▶ [EXERCISE]:
What this exercise needs is every entry restated as written, with no pictures.

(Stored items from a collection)
"""
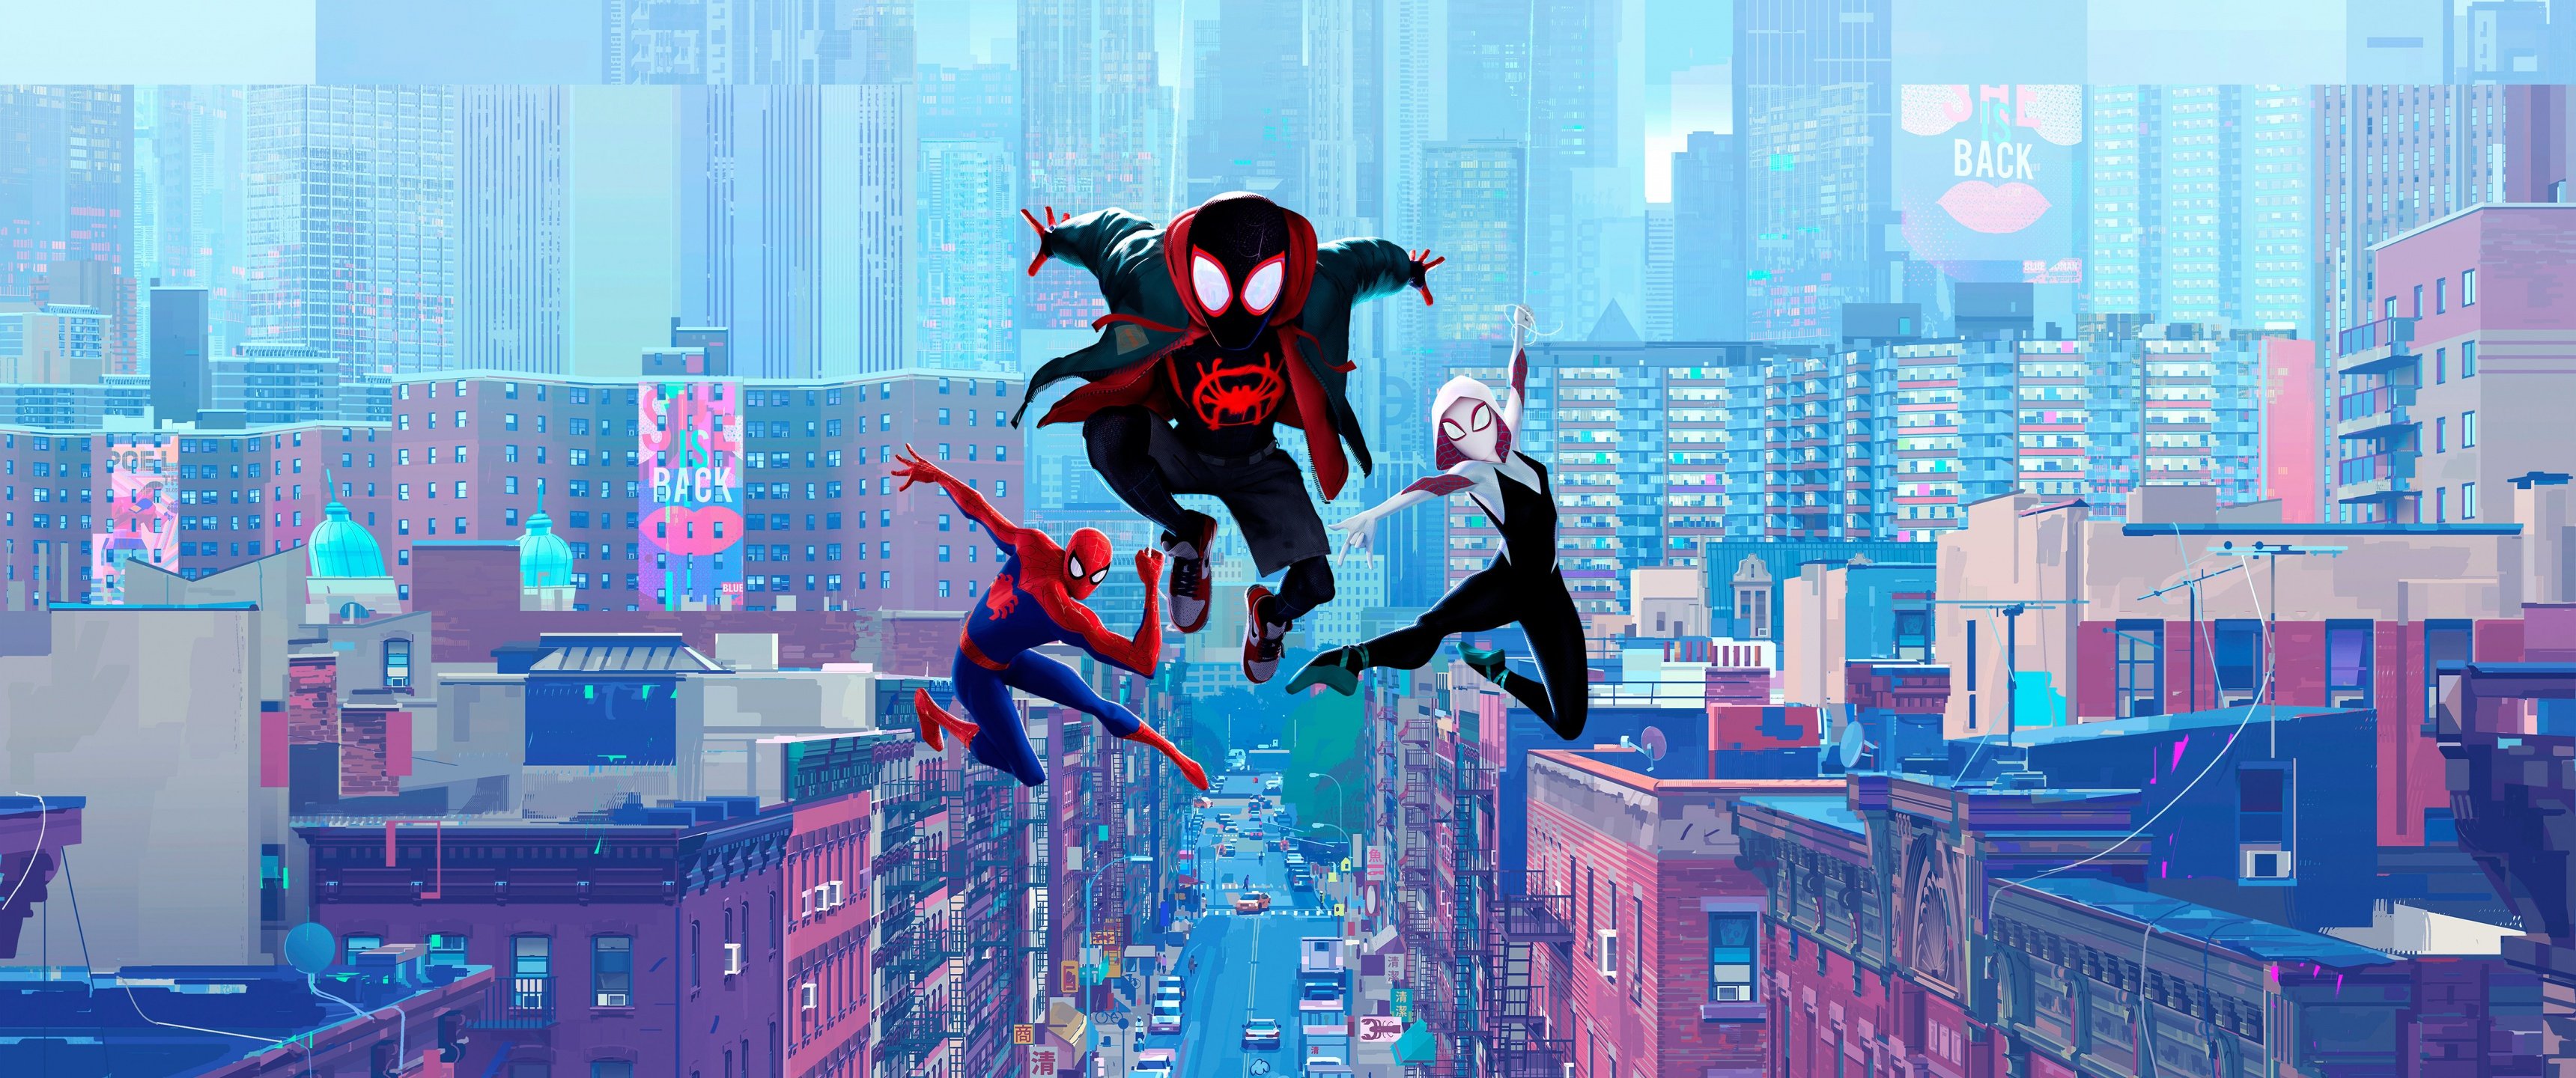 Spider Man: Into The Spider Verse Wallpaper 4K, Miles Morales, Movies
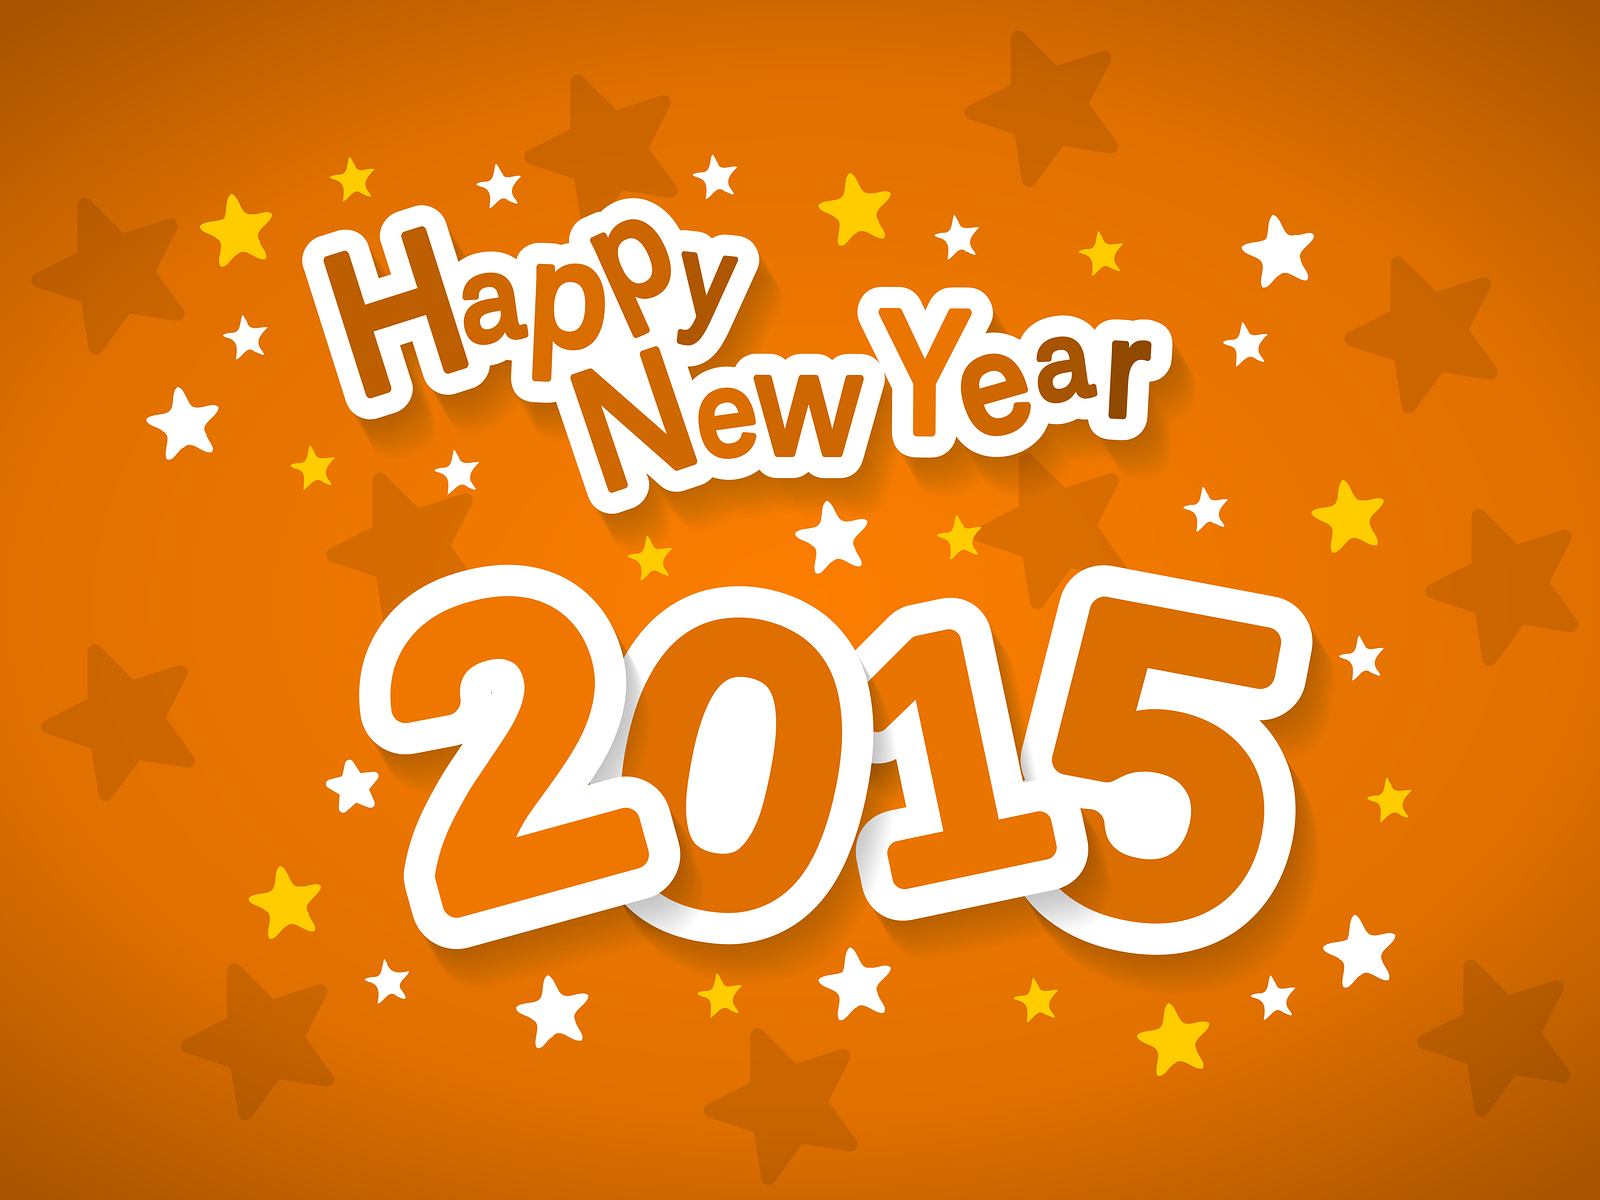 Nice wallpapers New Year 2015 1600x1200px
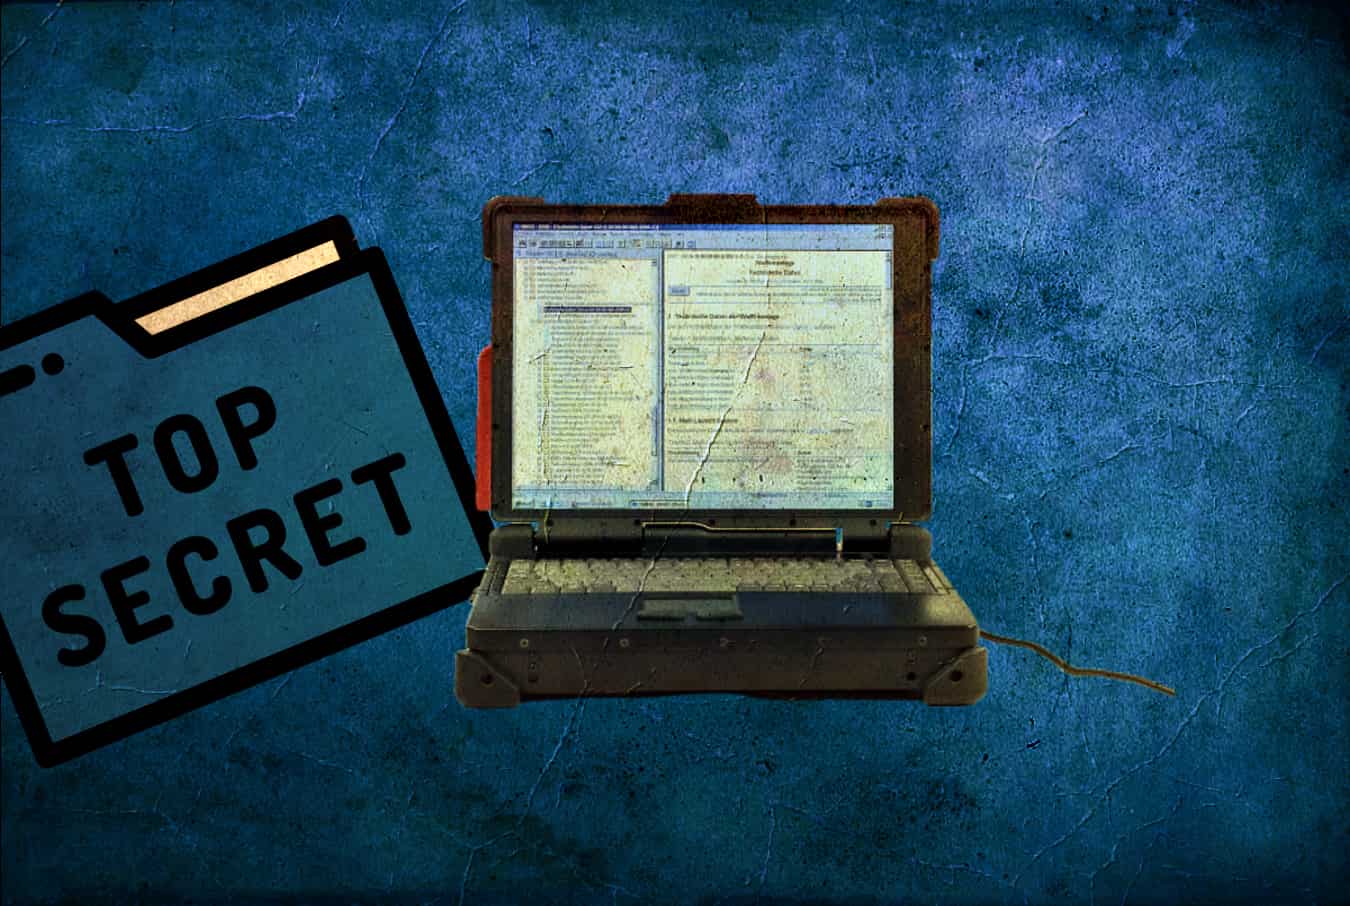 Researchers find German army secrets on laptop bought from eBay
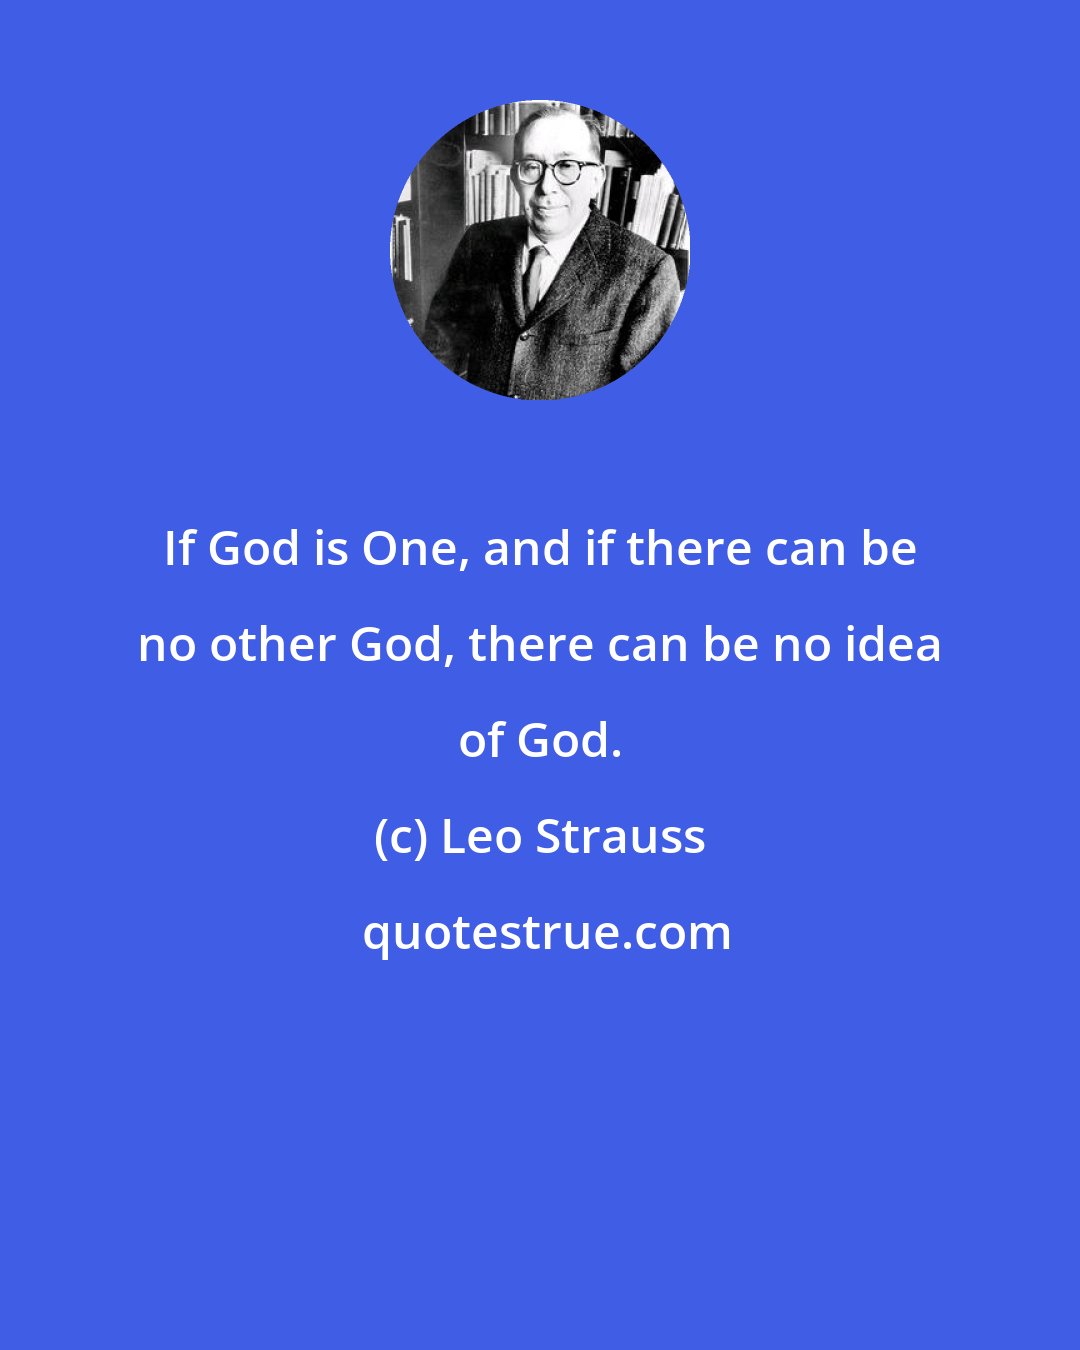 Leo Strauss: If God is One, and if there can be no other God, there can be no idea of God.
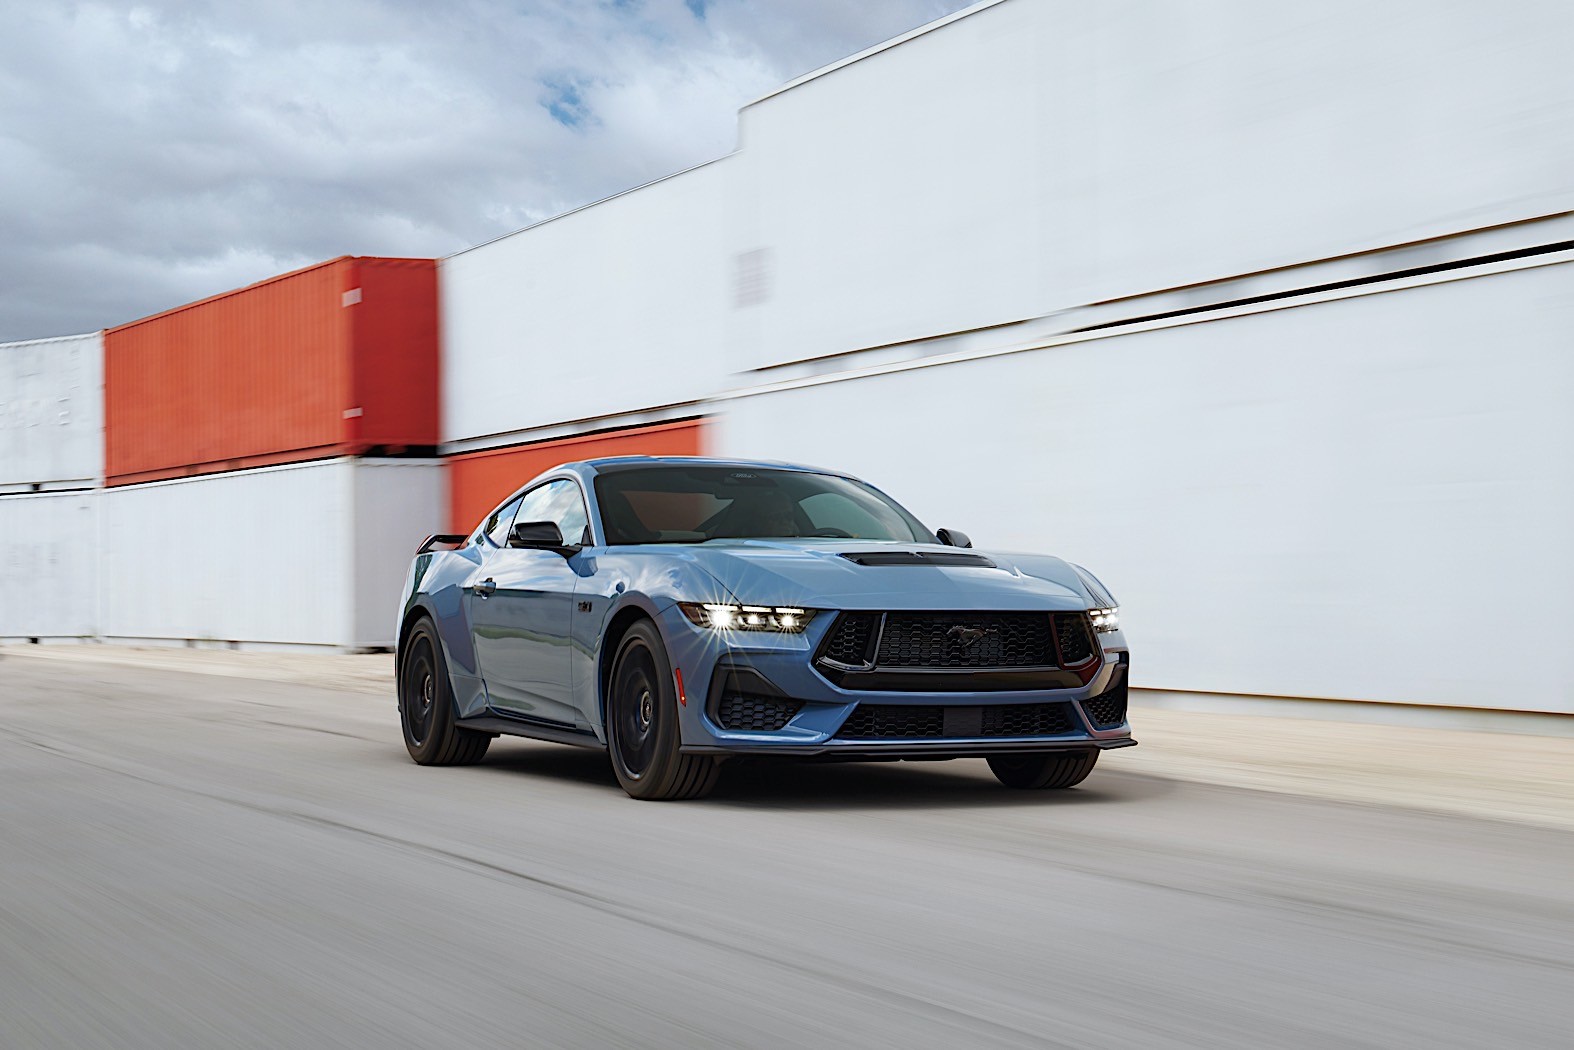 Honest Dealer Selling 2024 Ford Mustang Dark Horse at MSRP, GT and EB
"""
▶ [EXERCISE SOLUTION]:
 Spider Man: Into The Spider Verse Wallpaper 4K, Miles Morales, Movies
 Nice wallpapers New Year 2015 1600x1200px
 Researchers find German army secrets on laptop bought from eBay
 Leo Strauss: If God is One, and if there can be no other God, there can be no idea of God.
 Honest Dealer Selling 2024 Ford Mustang Dark Horse at MSRP, GT and EB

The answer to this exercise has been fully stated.